А Монахов, еще раз взглянув ей в лицо, теперь обнаружил его не постаревшим, а даже помолодевшим. Все-таки тогда он был совсем мальчик, а она на пять лет его старше, а теперь он ее как бы нагнал. Это было и на самом деле странное чувство, он его уже отмечал в последнее время… Однажды люди, всю жизнь бывшие значительно старше его, решительно помолодели. Учительницы, например.

- А ты тоже совсем не изменился, - сказала Ася, - хотя вот и седеть, я вижу, начал. - Монахов поймал и узнал этот цепкий Асин взгляд: таким он был у нее, когда таскала она его, мальчиком, за собой по магазинам или смотрела на проходящих мужчин, - и он не любил его тогда, а сейчас этот взгляд польстил ему. - Это девочкам должно нравиться: лицо молодое и виски седые.

- У меня уже и зубов нет, - расплывшись, неумно хвастался он. - Вставлять хожу.

- И костюм на тебе хороший, - сказала она, скользнув по пиджаку тем же цепким взглядом.

И Монахов ощутил освобождение, облегчение, с него как бы спали цепи, гири насилия над собой, благодаря которым был он человеком с такими-то и такими-то редкими качествами, а без гирь и цепей, свободного, его просто не было - одно желание, желание, усиливавшееся всеми теми неприятными ему по вкусу, уму или морали чертами, которые бросились ему в глаза через столько лет в его старой любимой. Тут уже было не воспоминание-узнавание, а нечто обратное и противоположное: садизм разочарования - изнанка, негатив прежних чувств. И тем страннее, где-то вдали, мутно, показалось ему подобие… Потому что, обратным ходом, прежние-то чувства были спечатком с того же негатива.

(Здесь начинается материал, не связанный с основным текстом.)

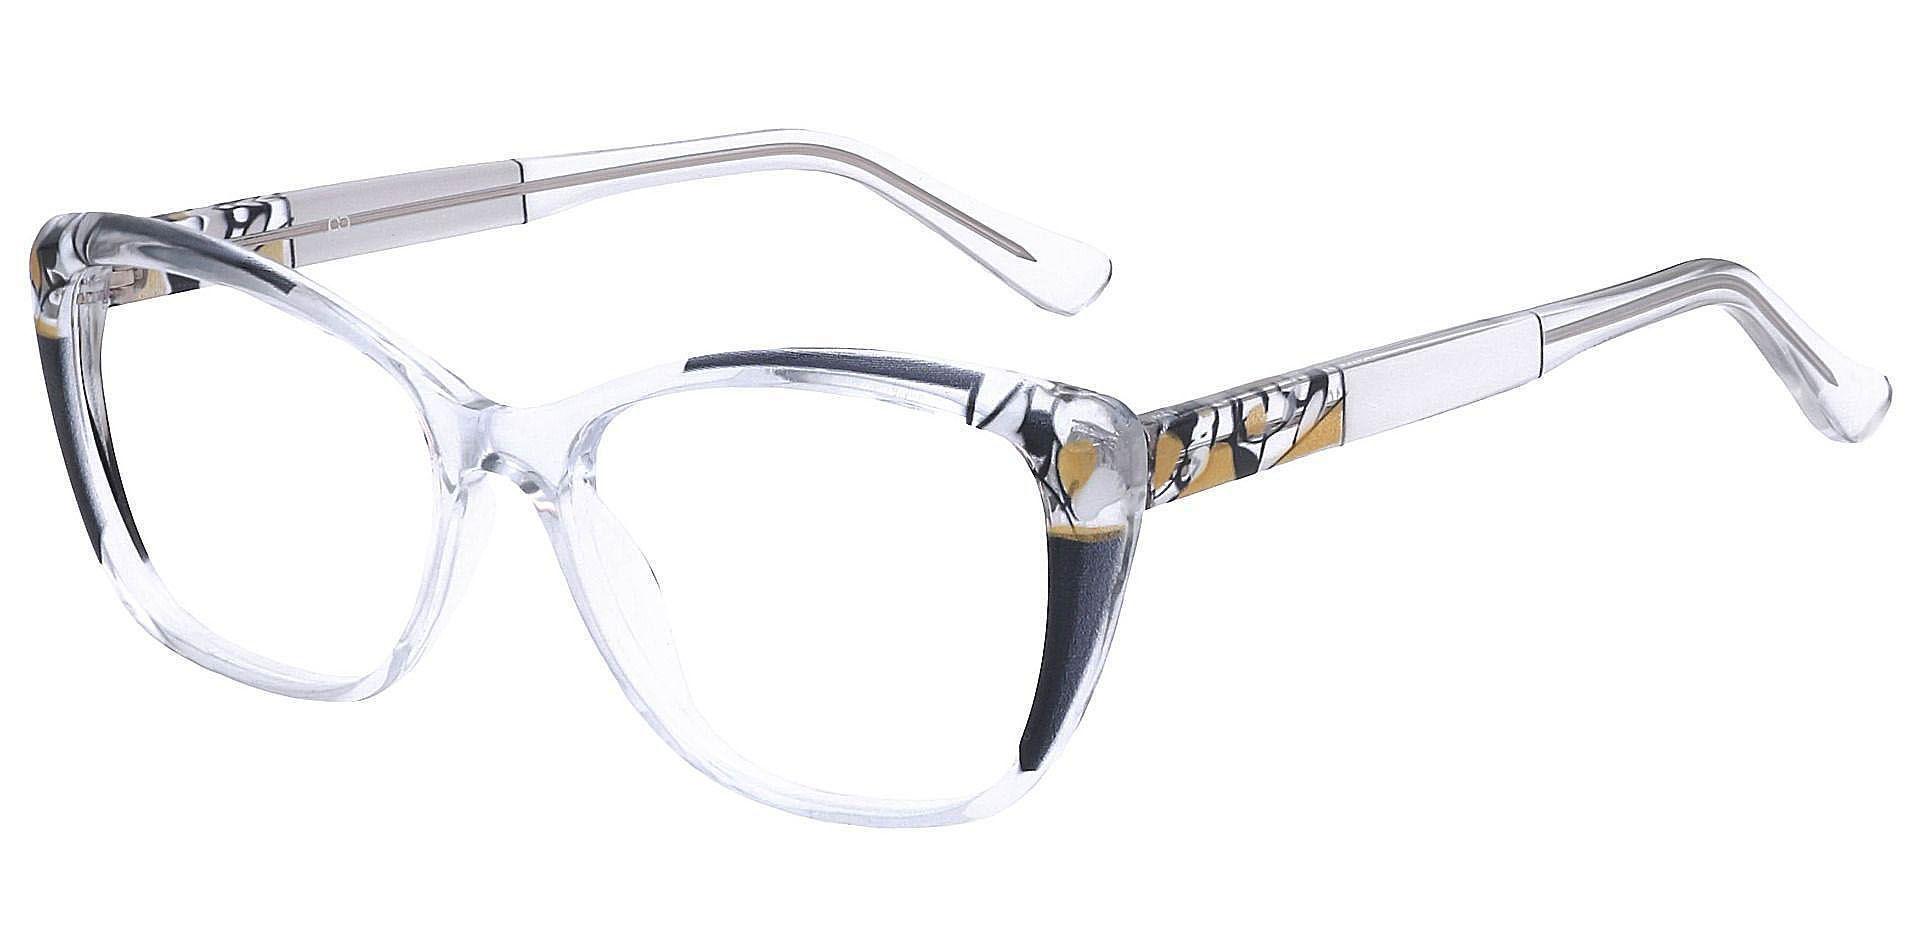 Marina Cat Eye Prescription Glasses - Black

Началось отчасти то, что теперь называется, не в силах подобрать другого слова и разбираться в нем, "заводкой". Что-то ложное и обратное всем чувствам и мыслям и, одновременно, на этот момент словно бы наиболее правдивое, появилось на свет, раздвигая скорлупу. Нечто отодвигаемое в постоянном испуге перед собой и своей слабостью справиться с этим, что-то тщательно хоронимое от других и еще более от себя, что-то задавленное полнотою общепринятого в том или ином кругу и никак не разрешенное личностью и оттого все высовывающееся, вылезающее и нечистая сладость в этом. И договариваются напиться, ничего уже не имея как бы в виду - но все для этого, и даже почти необходимость и некий институт регуляции в этом, периодичность и режим. И никто не скажет себе: зачем? - прозвучит неприлично, пошло, можно сказать - несправедливо. Просто повеселиться, выпить среди друзей - "заводка"… Тут как бы человек махает рукой, закрывает глаза - и поехали. "Ну и пусть, ну и пусть", - бессмысленно повторяет человек. И царское чувство вседоступности вдруг исходит током, от одного к другому, охватывает всех, и наутро разъезжаются тихие, а глаза бегают.

И весь этот механизм "заводки" настолько уже не составлял для Монахова тайны, что становился еще большей тайной. Но ток уже был установлен, он был взаимен - это тотчас почувствовали и он, и Ася, они разрешили тут же его себе, он рос и усиливался от обмена, этот ток. И они вдруг замолчали, как бы обо всем договорившись. Помолчав и пережив в себе что-то, они, отдыхая, как тянутся за сигареткой, некоторое время не глядя друг на друга, продолжали разговор, в том тоне новой близости и отдаления после близости, какого не могли бы позволить себе сразу.

- Ну и как твой доцент? - спросил Монахов с тем вечным удовлетворением в голосе, что рождается от мнимого превосходства над другим мужчиной, если его женщина рядом с тобой.

- А мы расходимся, - легко сказала Ася.

Все-таки где-то далекими тенями была еще в Монахове память о пережитом: о ненависти к этому человеку и о боли. Теперь же ему предстояло некрупное торжество, вроде записи задним числом или подделанной подписи…

- Так ты что же, все это время с ним? - сказал он и не мог скрыть разочарования; взглянул в окно: остановку свою он проехал.

- А ты все еще ревнуешь? - снова засмеялась Ася, и смех ее уже вовсе показался Монахову неживым и бренчащим. Но вопрос поразил своей грубой точностью. Его, как человека, удалившегося по ходу мыслей от первоисточника так далеко, что не видны уже ни цель, ни отправной пункт, а лишь вечная середина, пустыня, удивил столь прямой перелет над этим морем рассудка и прямое называние предмета, ему, за деталями, не различимого…

Монахов промолчал, удивляясь, Ася сказала:

- У нас уже дочь в будущем году в школу пойдет.